Some shareholders are concerned not only about the immediate risk of reduced returns, but also the longer-term risk of investing in fossil-fuels projects that could end up being unprofitable and unsaleable if governments cap emissions amid global climate talks. Several studies have concluded that much of the world’s fossil fuel reserves must remain unburned to prevent catastrophic climate change.

So-called “stranded” assets could cause major damage to oil companies’ profitability, Lamb said. “The risk [is] that we can only pump that much CO2 into the atmosphere before we cause catastrophic climate change,” she said. “These companies should be forward-thinking and make strategic decisions that position them as not just fossil-fuel companies, but energy companies.”

In a report in April, ExxonMobil wrote that it doesn’t expect any of its fossil fuel reserves will be stranded. Meanwhile, in a shareholder letter in May, Shell said it doesn’t believe any of its proven reserves will become stranded either.

Rising shareholder interest in assessing the impact of climate change on business has attracted the attention of corporate boards: the BP board last month endorsed a shareholder proposal asking for more disclosure about climate risk, after the Shell board endorsed a similar proposal in January.

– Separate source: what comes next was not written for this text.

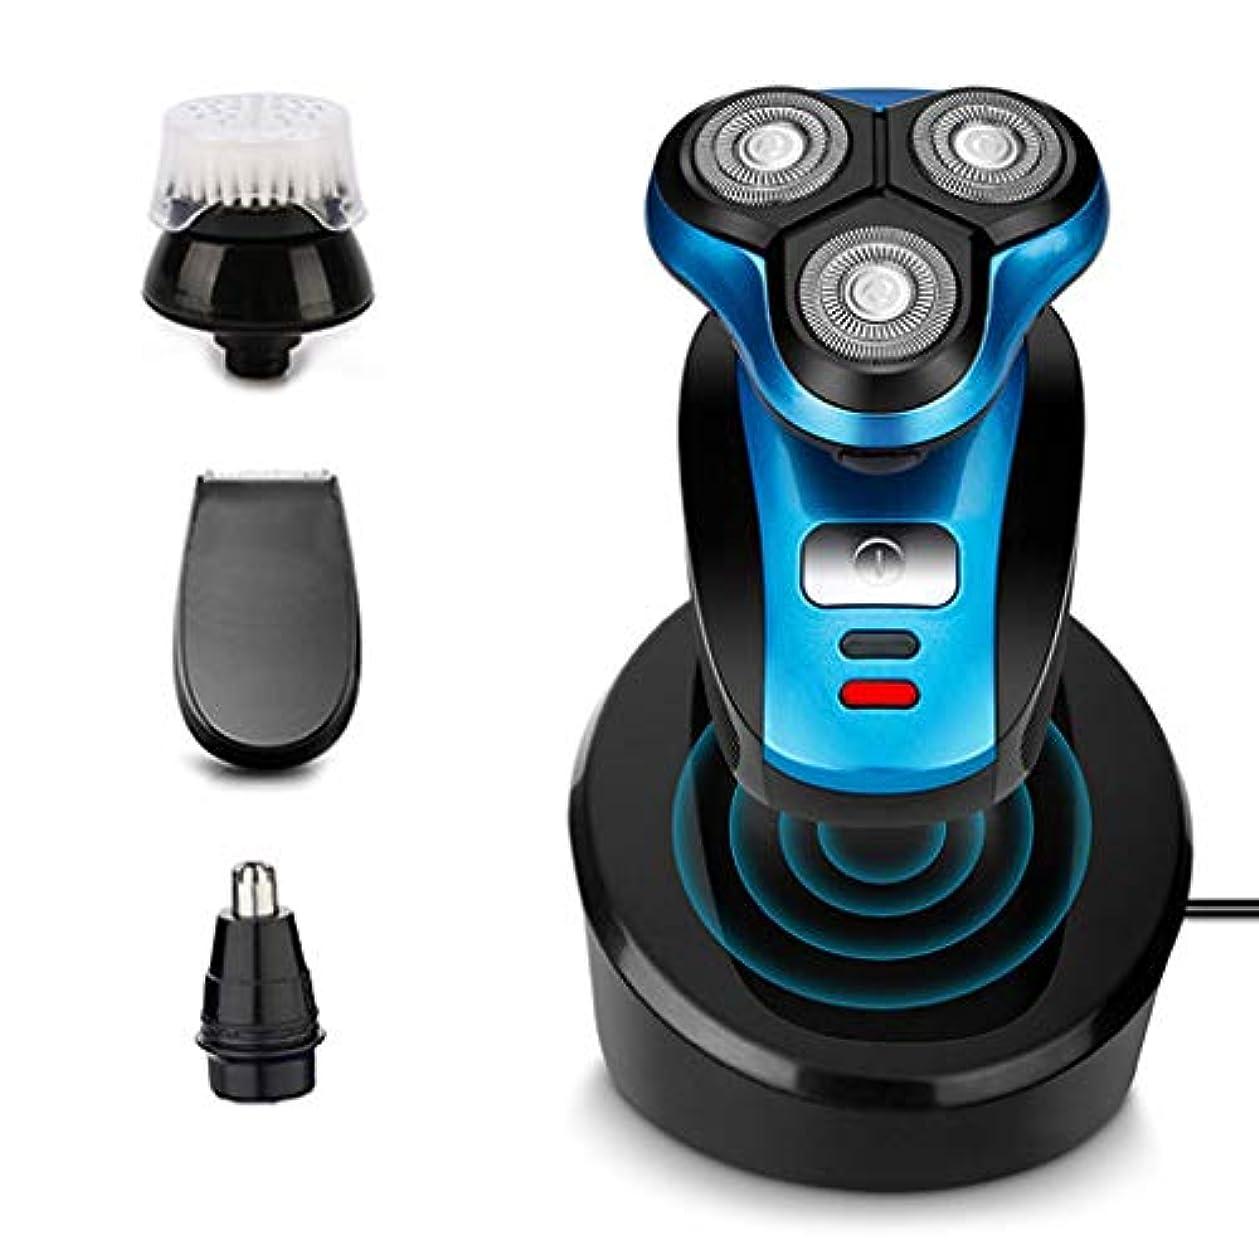 無人政権伝説YHSUNN USBワイヤレス充電電気シェーバー男性用フローティング3ブレードヘッド電気シェービングマシン充電式かみそりフェイスケアツール

As for the latest SEC ruling, Arjuna Capital has not decided whether it will challenge the decision.

Danielle Fugere, president of As You Sow, said the ruling is not in shareholders’ best interests, adding that shareholders have the right to demand increased dividends when a company’s current investments put it at risk.

“We will continue to press this with the company to get other shareholders on board, to continue to ask the company to take action and decrease spending on these projects,” she said. “We won’t go away.”